So week two is here in our journey of the reality of “unthinkable circumstances” in our life. If you missed it for 8 or 9 weeks I will be posting on Fridays relating to the Bible Study, “When I Lay My Issac Down” by Carol Kent. Some brave women are joining me on Wednesday nights for a “live” discussion and others are joining us via the Internet and this blog. Everyone is welcome and encouraged to join in with their thoughts and experiences. We can all learn and receive hope from each other whether you are officially doing the Bible Study or not.
“Unthinkable circumstances = circumstances that derail our carefully thought-out plans for our future.”One of the questions that usually comes up is, “why Lord?” I never really struggled with that one personally. In fact I really didn’t ask alot of questions. My reaction was to talk to God alot like this, “okay God. I’ve told everyone that knows me that YOU are a BIG LOVING God. I need YOU to show up here are PROVE IT! I need YOU to take care of my family, NOW! (yes, you do hear attitude there) Others ask why or why now. It helped me to remember that this situation was not a surprise to God.
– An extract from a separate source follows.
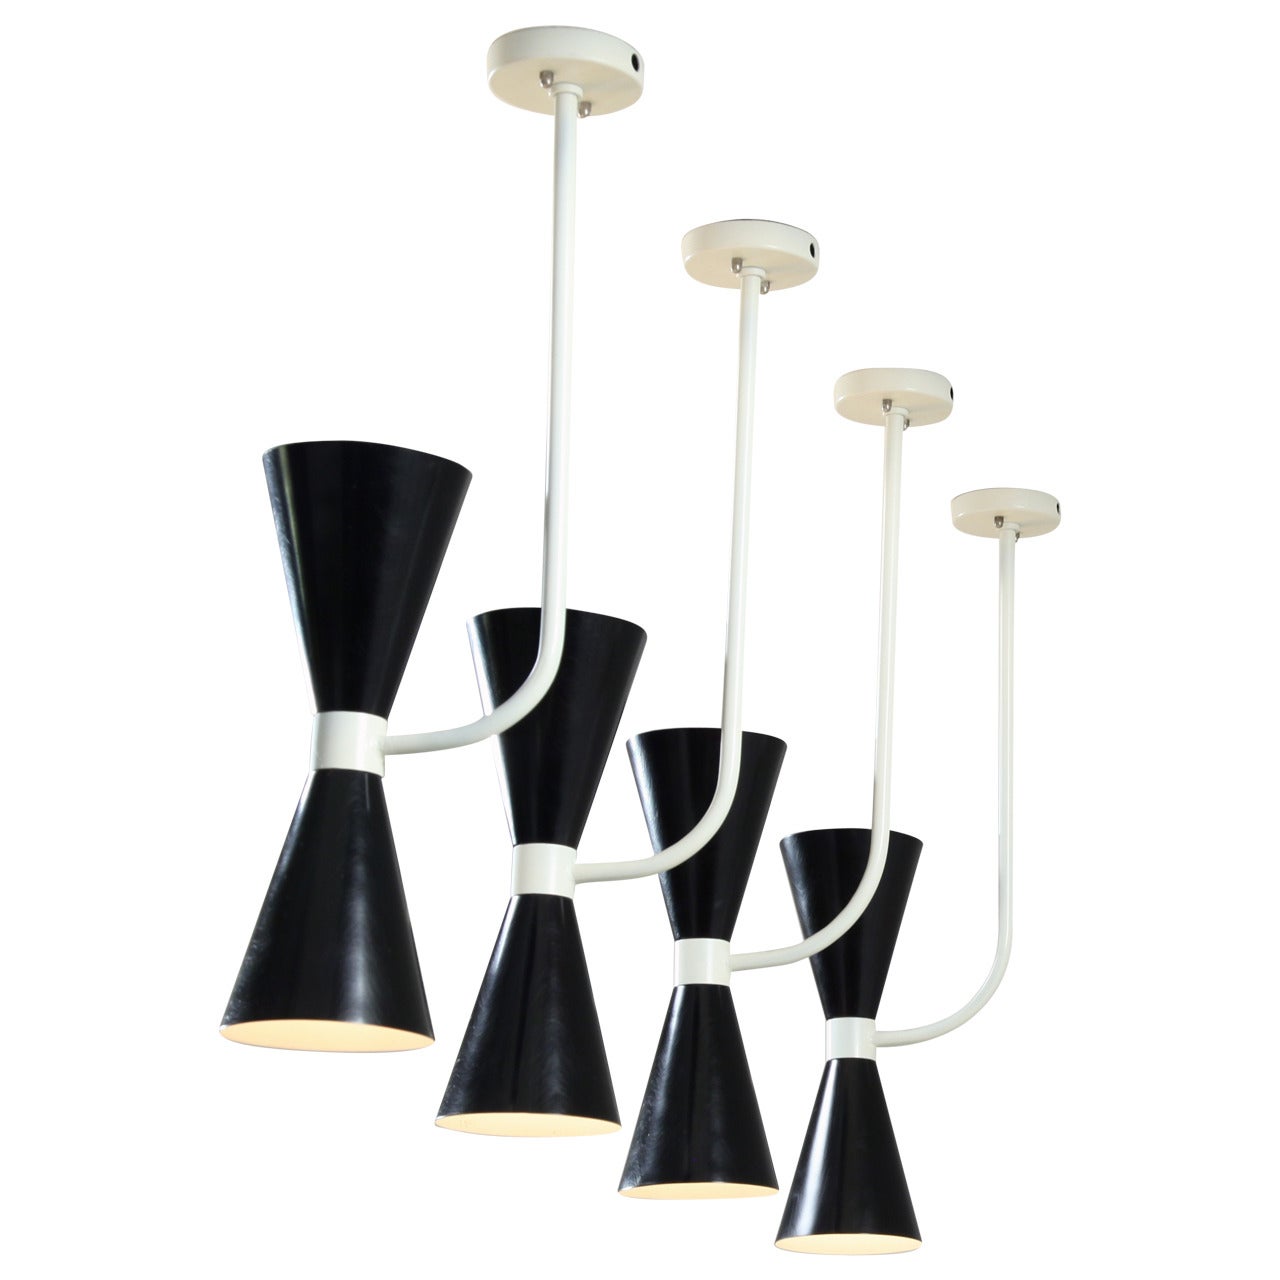 Set of Six Italian Metal Diabolo Wall or Pendant Lamps in Stilnovo Manner, 1950s For Sale

One of God’s many names is El Roi (Genesis 16:13-14) The God who sees me. He is watching me. He knows all about everything that is going on.
Now with that in mind the main point of this weeks time is to learn to relinquish our situation to God. Carol says, ” relinquishment means giving up my rights to control the person, dream, expectation, or preferred outcome of the object of my concern.” What are you trying to control? In the midst of my circumstances I desperately tried to keep some sort of “normalcy” in my families life. I didn’t want our life to be completely focused on our situation. That really was pretty ridiculous. There was just too much going on at once for anything else to try to pretend it wasn’t happening. Other gals told me they tried to control the other person involved. “If I’m just more attentive and always look my best they will love me” Or “I’ll just work harder. That will “fix” this.” Or “I’ll give them a little more time and they will come back.”
Again quoting Carol Kent, “When we release our grasp, our relinquishment puts a stop to our manipulation of other people and releases the Holy Spirit to do the supernatural through the power of prayer.” After some time had passed I could see this clearly. I, personally tried everything I could think of to “help” my husband handle his life. However, in the end, the crash came, harder and longer than it really needed to be. It’s a hard question to ask yourself, but it’s time to ask. Could I be interfering with something the Lord is trying to accomplish?
Carol uses the story of Abraham being willing to sacrifice Issac as our main theme. The story is found in Genesis 22:1-18. She points out that in verse 3 it says, “early the next morning” Abraham arose and started out. Really? She says she thinks she would have stayed in bed till noon hoping that God would change His mind. Abraham was so…obedient and trusting of God. So as the group of us talked about this some shared of having “moments” of trusting God with their situation. We shared ways to remind us that God is there, caring for us even when we don’t see it right away. Journaling, telling a friend, some little reminder “rock” that can be seen by you in your everyday life. A reminder of one time that you can identify that God came through for you and you know it. Build on that memory. We also talked about the fact that this is a process, a journey. Rarely does anyone “lay their Isaac down” and never pick him back up again. But every time you do, you allow God to do “His thing”.
In the original text of the Bible the word for “lay” actually means to “lift up”. By laying our “Isaac” down we are actually lifting our sacrifice to the Lord in an act of worship. We are acknowledging that God is God and everything belongs in His hands. Will you “lay your Isaac down?” (even just for a moment?)